Exercise prompt: Retype the data that follows line by line, exactly, and leave its pictures out.

Information shown:
• • • • •

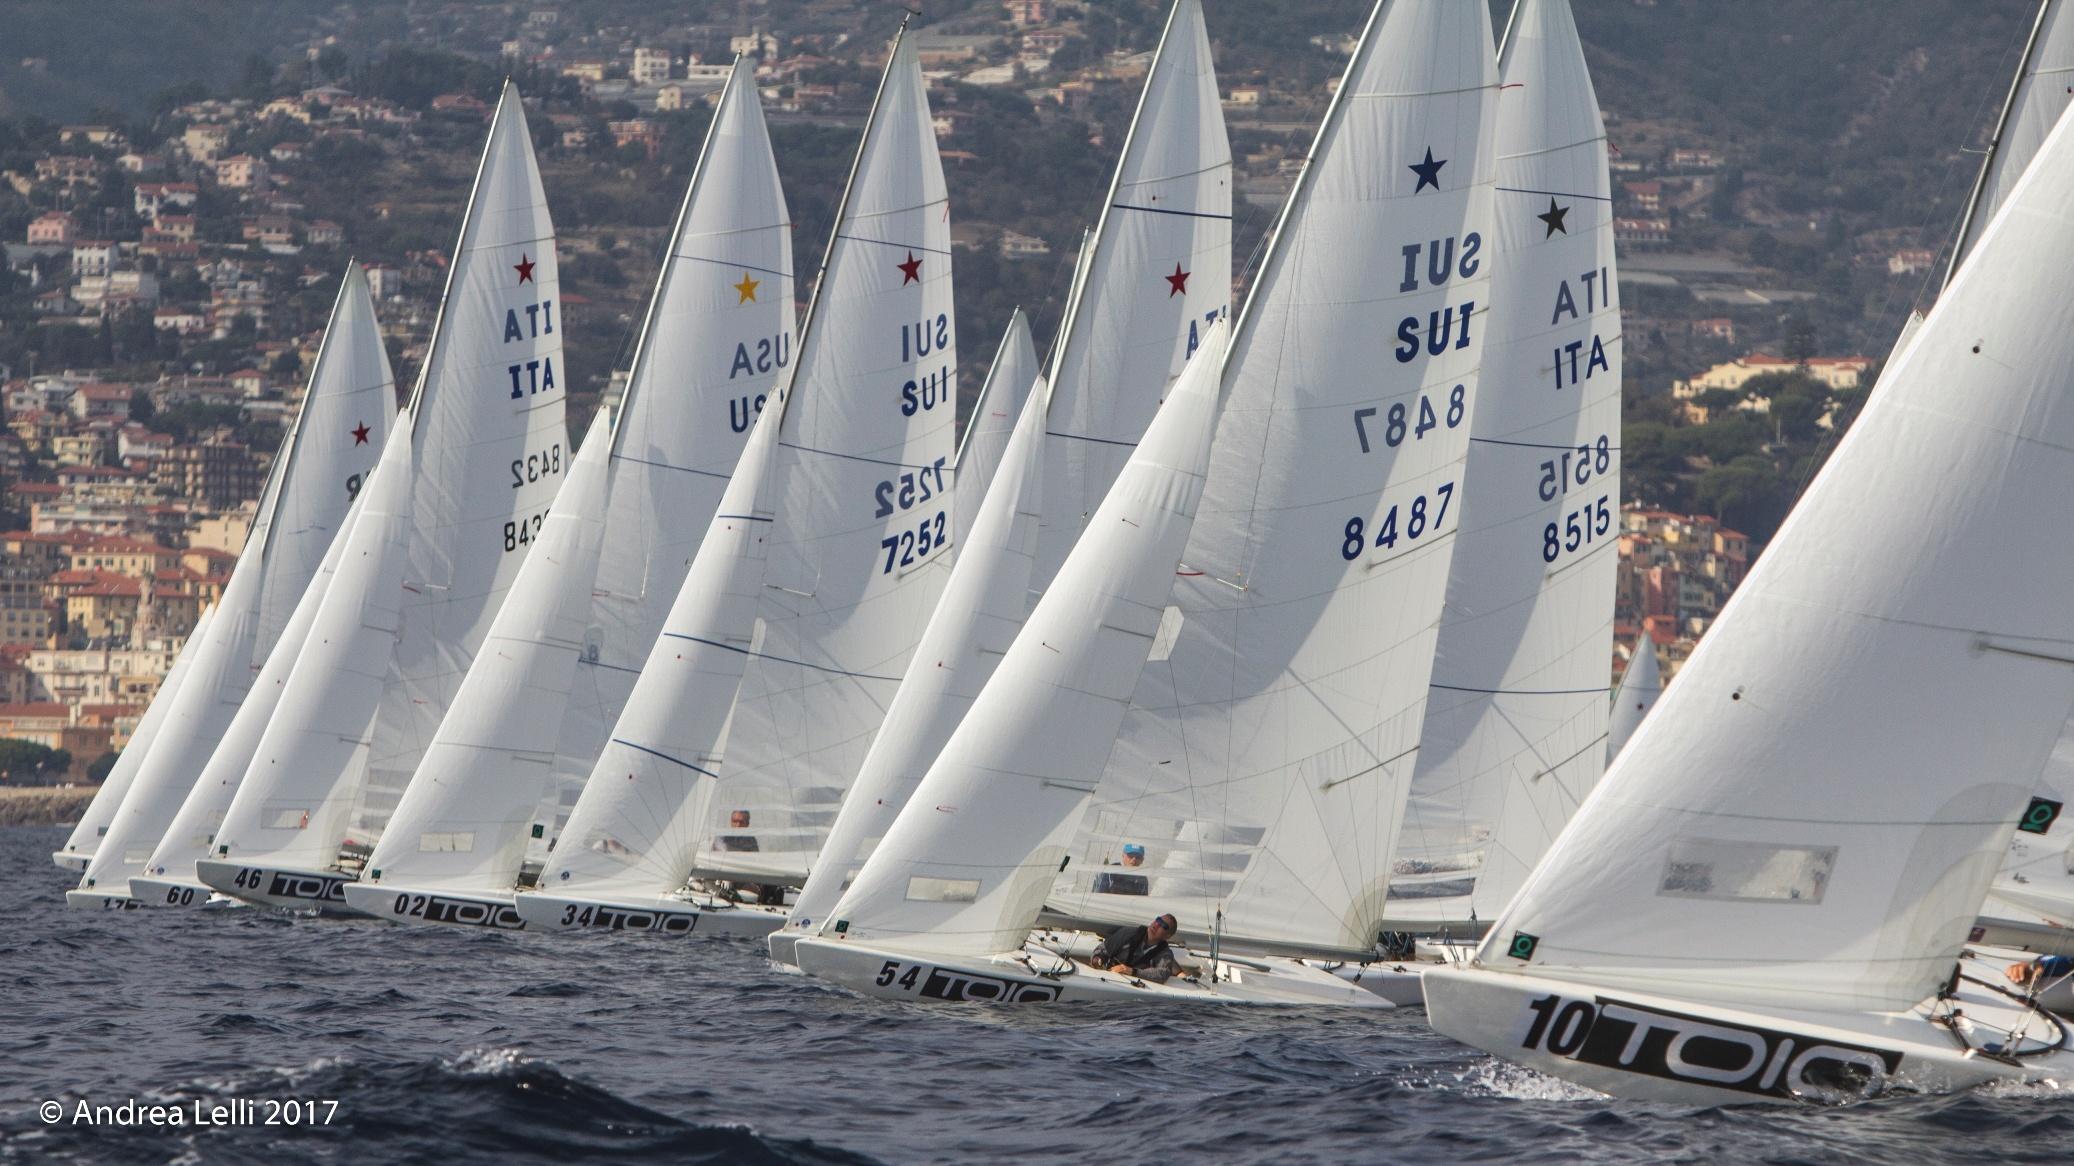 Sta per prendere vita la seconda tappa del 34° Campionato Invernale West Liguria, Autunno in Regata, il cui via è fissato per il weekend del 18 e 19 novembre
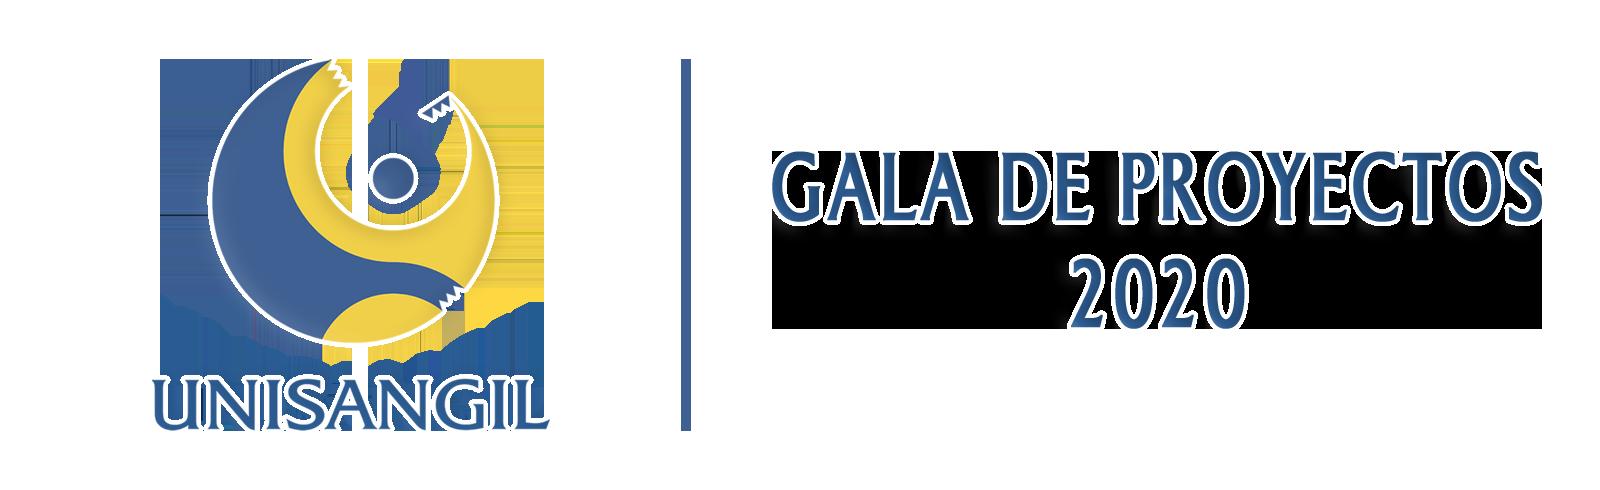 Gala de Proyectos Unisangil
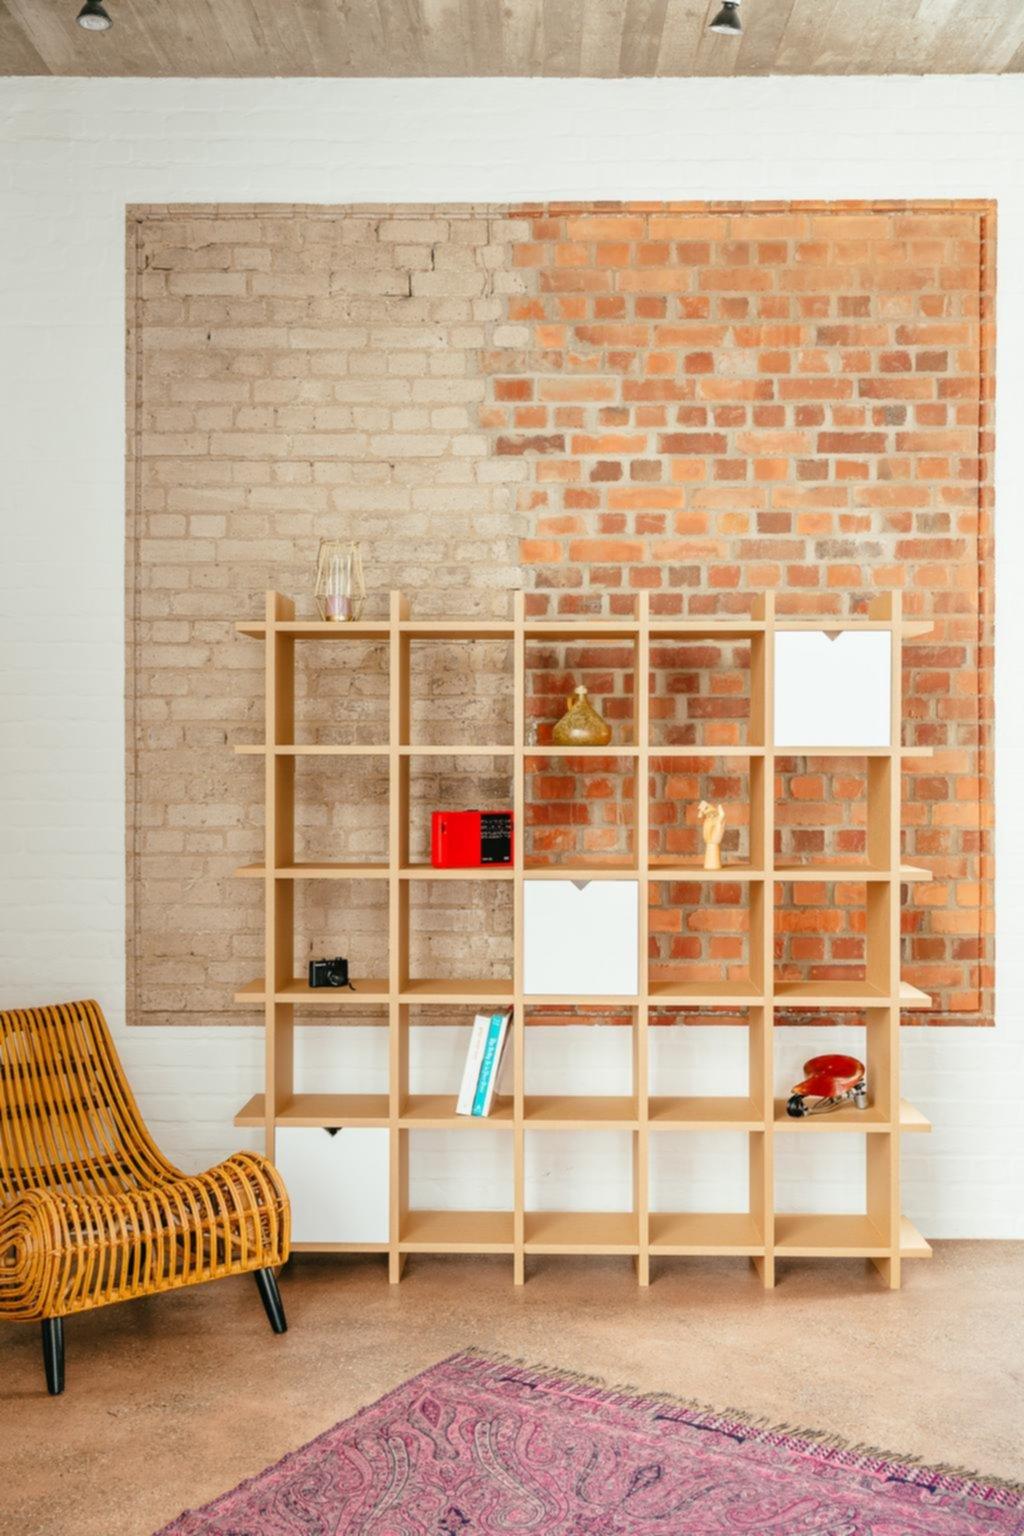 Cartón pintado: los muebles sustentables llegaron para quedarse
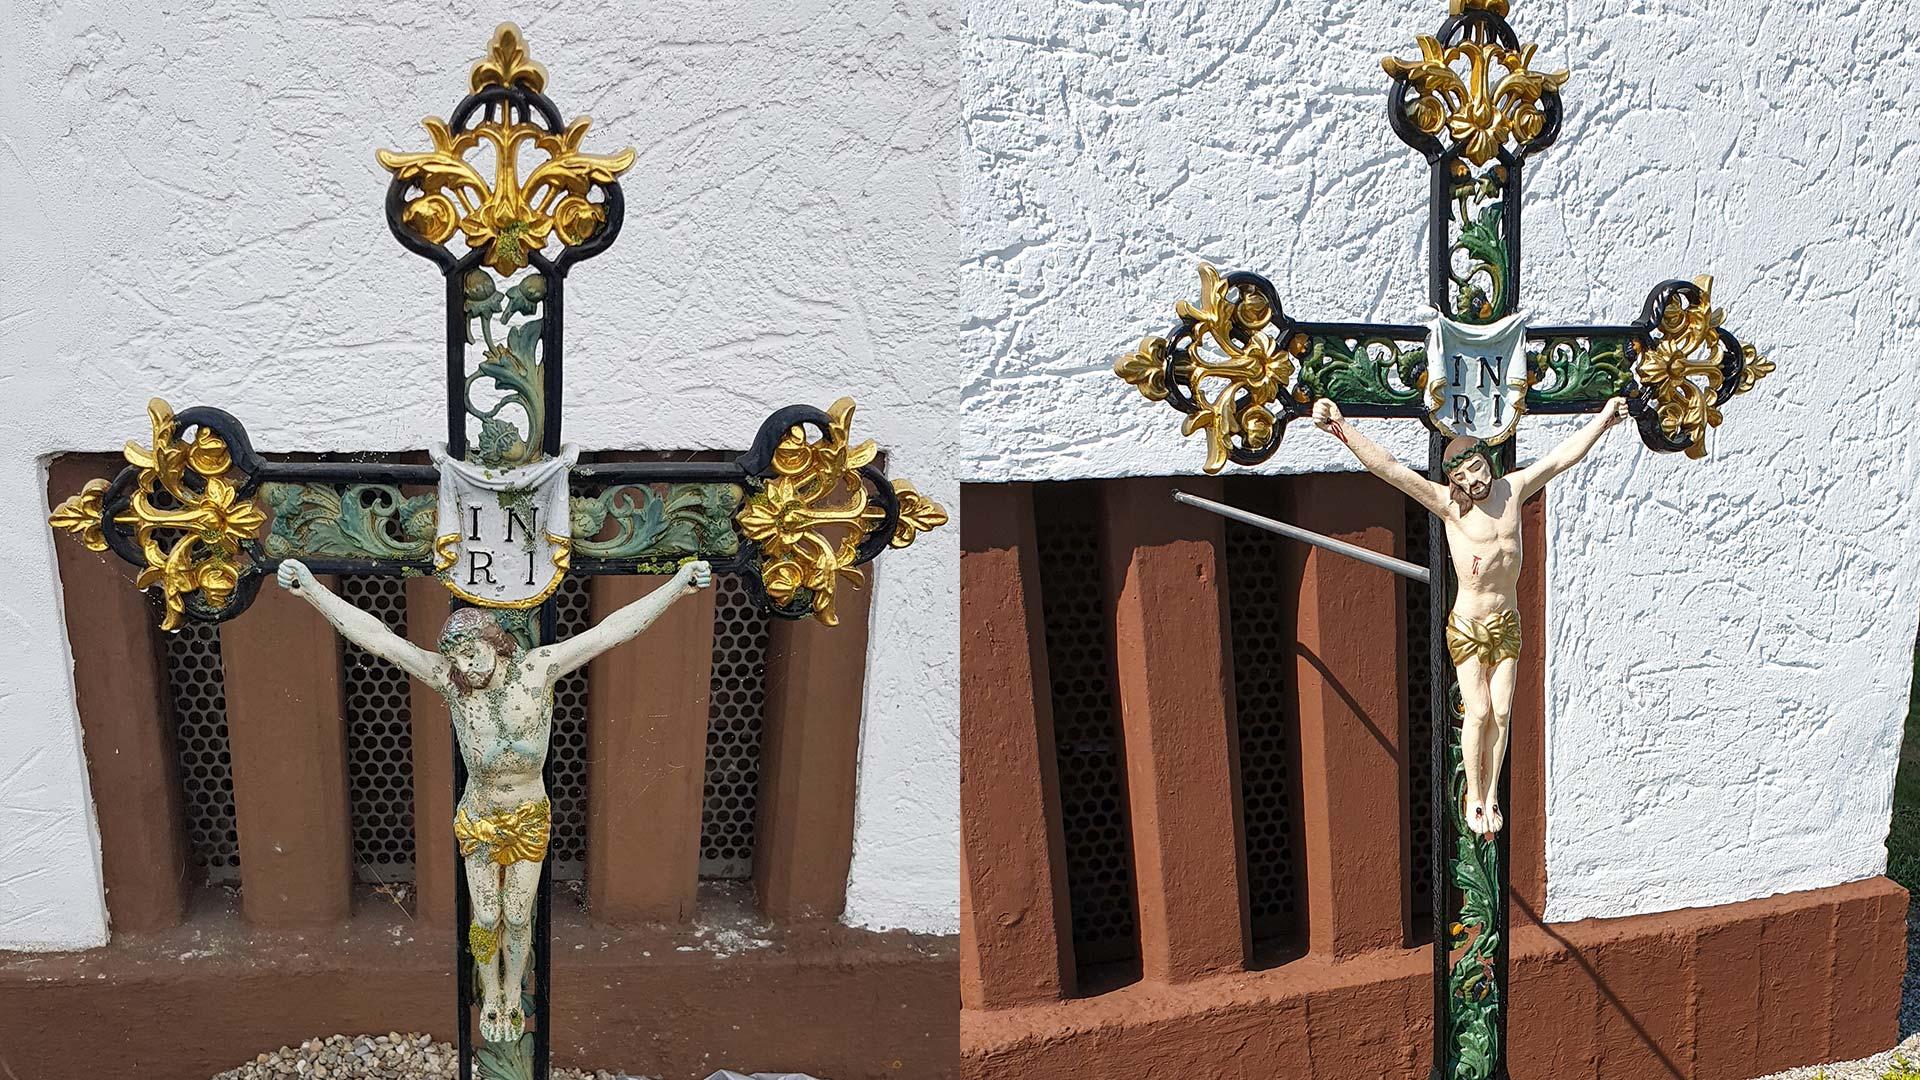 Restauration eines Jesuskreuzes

• • • • •

Exercise output:
 Sta per prendere vita la seconda tappa del 34° Campionato Invernale West Liguria, Autunno in Regata, il cui via è fissato per il weekend del 18 e 19 novembre
 Gala de Proyectos Unisangil
 Cartón pintado: los muebles sustentables llegaron para quedarse
 Restauration eines Jesuskreuzes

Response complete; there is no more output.